The final screen asks you to select the location you want to place the excel sheet once imported.  The default library is “WORK”.  The second drop down menu is “Member:”, here SAS is asking you to name the new SAS dataset, anything will do here, I prefer simple names like “d”, “data”, “a”, ect.  Once named you can select “Finish” and you are completed.

You will see in the SAS log “NOTE: WORK.D data set was successfully created. “  Now your file can be located in the Work Library, and is ready for manipulation/analysis.

LIMITATIONS:  The import wizard can’t handle variables where the values are mixture of numbers and characters.  It assigns the variable type for the column based on the first few rows.  You will run into problems if you have mixed variables, so please check your data after importation, or use the next option.
OPTION 2:
Option two saves out a permanent SAS dataset, but require code. 

Before you begin to write the code, the excel file *MUST* be saved as an Excel ’95 document.  This can be done in Excel through file->Save as ->Other formats, and place the “save as type” as “Microsoft Excel 5.0/95 Workbook”.

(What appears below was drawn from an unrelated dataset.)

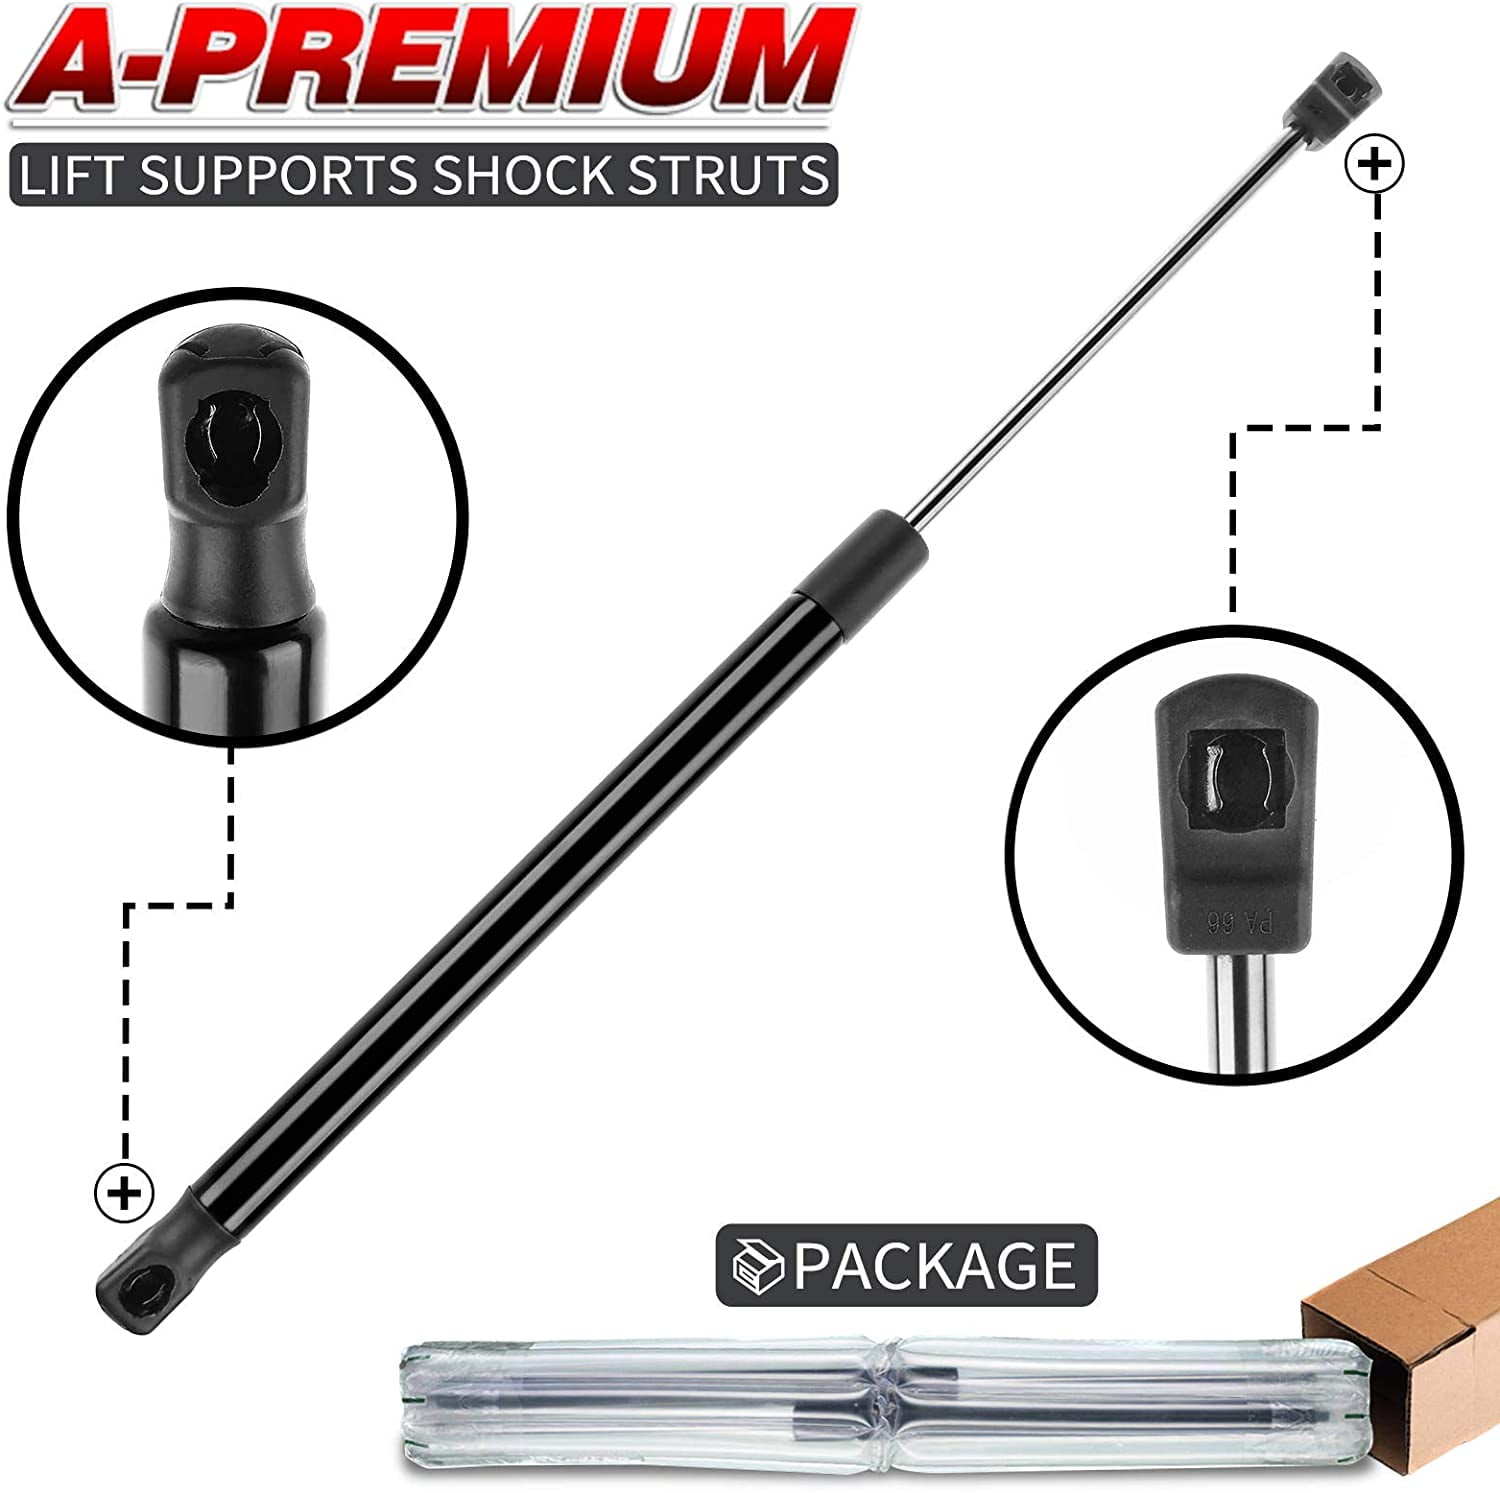 A-Premium Front Hood Lift Support Shock Strut Compatible with Audi A3 2009-2013 A3 Quattro 2006-2013 S3 2008-2012 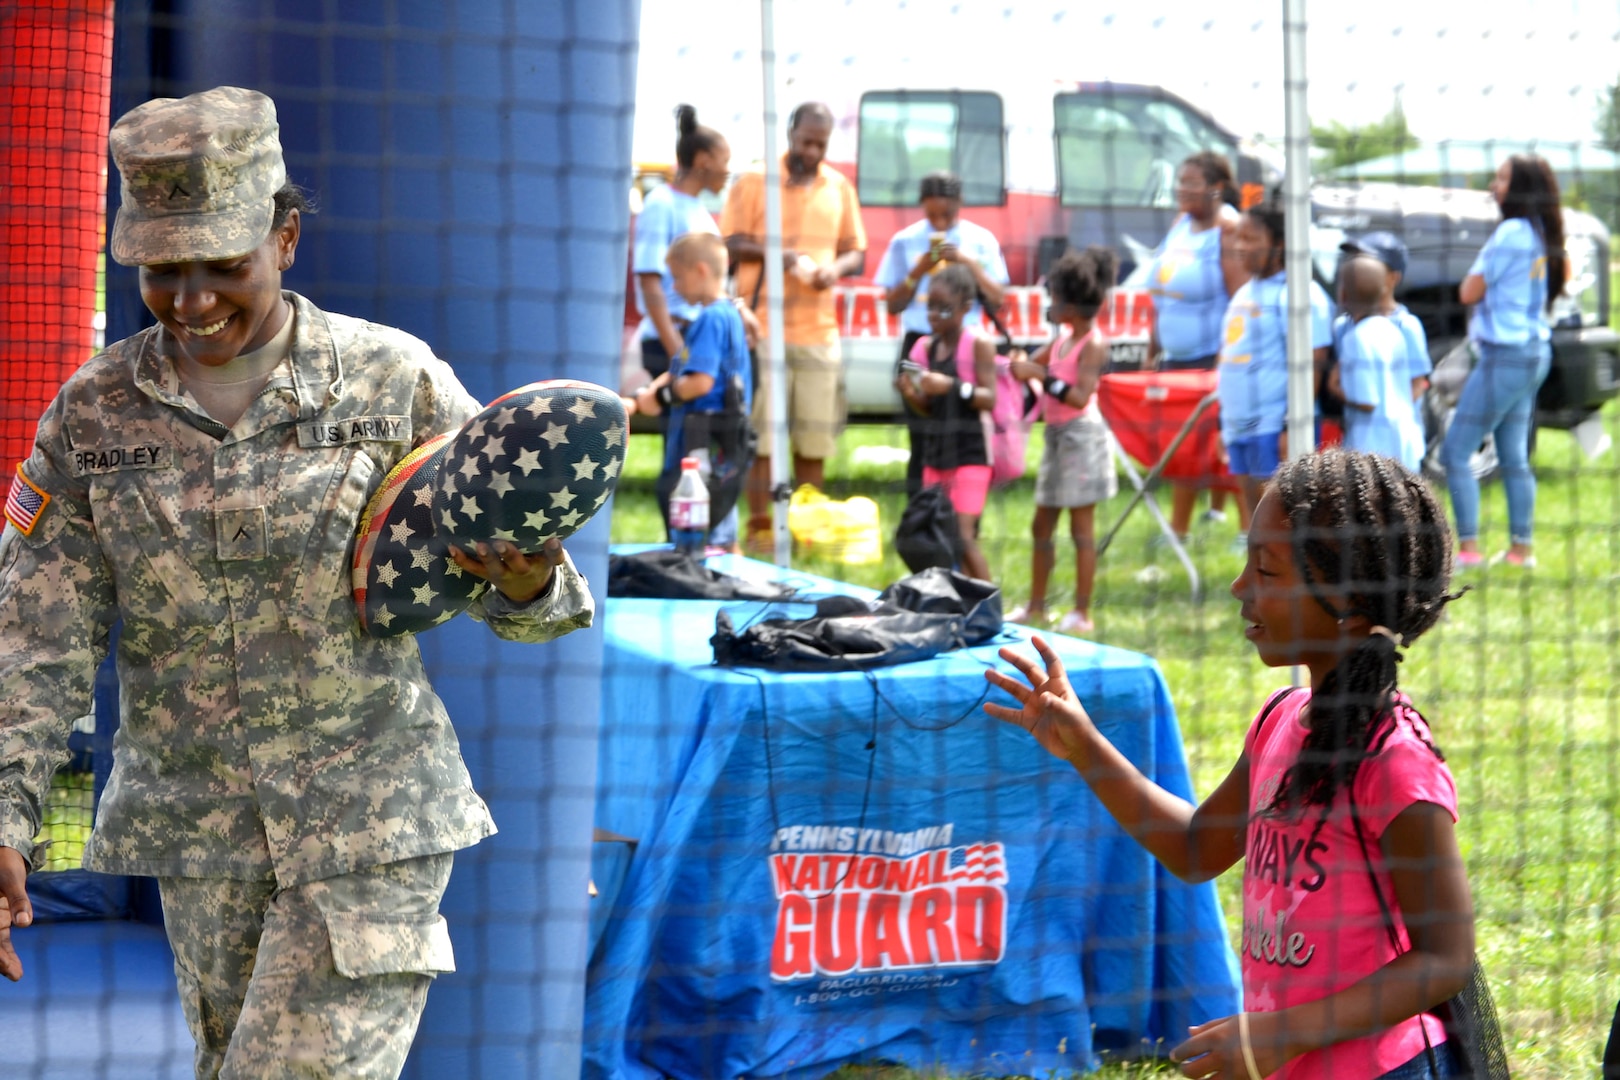 DLA Troop Support active duty personnel were among nearly 40 military personnel to help local children complete seven obstacle courses during the Philly Play Summer Challenge August 10, 2016 in Northeast Philadelphia. More than 2,000 local children participated in the event, aimed at encouraging teamwork and physical fitness.

The first SAS code is to create a new library with a libname statement.
libname b "C:\folder\datasets";
*This creates a library named "b" where all files are saved into C:\folder\datasets; remember this is just an example, but the location your saving the data must already exist;

proc access dbms=xls;
   create b.xlsa.access;
   path = 'C:\folder\datasets\excelfile.xls';
   scantype  = yes;
   worksheet = deploy;
   getnames  = yes;
   assign    = yes;
   create b.xlsv.view;
   select all;
run;


*Some notes:
dbms=xls, is what tell SAS it is an excel file.
create=b.xlsa.access, creates your permanent dataset "xlsa.access" in the "b" library
path= 'C:\folder\datasets\excelfile.xls', is the exact location of the excel file.
scantype= no, this allows a column to not be assigned numeric if most entries are numeric.
mixed=yes, this allows columns with numbers and characters to be formatted as character.
worksheet=sheet1, is the name of the worksheet the data can be found in the excel file.
getnames=yes, SAS takes the first row from the excel file and uses it to write column names.
assign=yes, tells SAS to name the columns legal SAS names using excel column names
create b.xlsv.view,  creates a subfolder called xlsv, which we delete later.
select all, tells SAS all observations will be available to view.
;


data b.SASdataset;
      set b.xlsv;
run;

*This data step saves the imported excel file "b.xlsv" into "b.SASdataset", which is located in the library "b" and named SASdataset.  The dataset can now be found at "C:\folder\datasets\SASdataset.sas7bdat";

proc datasets library=b;
      delete xlsv/memtype=view;
      delete xlsa/memtype=access;
run;quit;

*This final data step deletes your temporary folders xlsv and xlsa that were created in the PROC ACCESS step;

LIMITATIONS:  This procedure has few/no limitations, once you write the code once, it can be re-used and customized to fit the file you’re importing.  It is the most common way I import files.


Option 3:

This final option is through writing a SAS macro, it is the most challenging but very useful.  I usually use this option when I am importing a dataset, making quick changes, i.e. imputation, and then exporting it right out as an excel file. 

%macro impo(data=);
 PROC IMPORT OUT= WORK.Data
            DATAFILE= "C:\folder\datasets\&data"
            DBMS=EXCEL REPLACE;
     SHEET="&data";
     GETNAMES=YES;
     MIXED=NO;
     SCANTEXT=YES;
     USEDATE=YES;
     SCANTIME=YES;
RUN;
%mend;

*You are writing a macro called impo by using the proc import option.  The file is imported into your work library so nothing needs to be done for renaming the file.
DATAFILE= "C:\folder\datasets\&data", tells     the location of your excel file.
SHEET="&data", tells SAS the sheet will be named when you call the macro. 
NOTE: The sheet and excel file must be named the same.
All of the other commands should be familiar.
The code is ended with the %mend to tell SAS the macro is completed.;

%impo(data=dataset);

*Here you are calling the macro you just created and saying the excel database is called "dataset".  Once these two steps are run, the sheet has been imported.;

This option is extremely useful when importing numerous datasets all in the same SAS program.  I use this primarily when doing quick steps, i.e. imputation, summary variables, ect.  Very useful when used for the right reasons, otherwise unnecessary steps.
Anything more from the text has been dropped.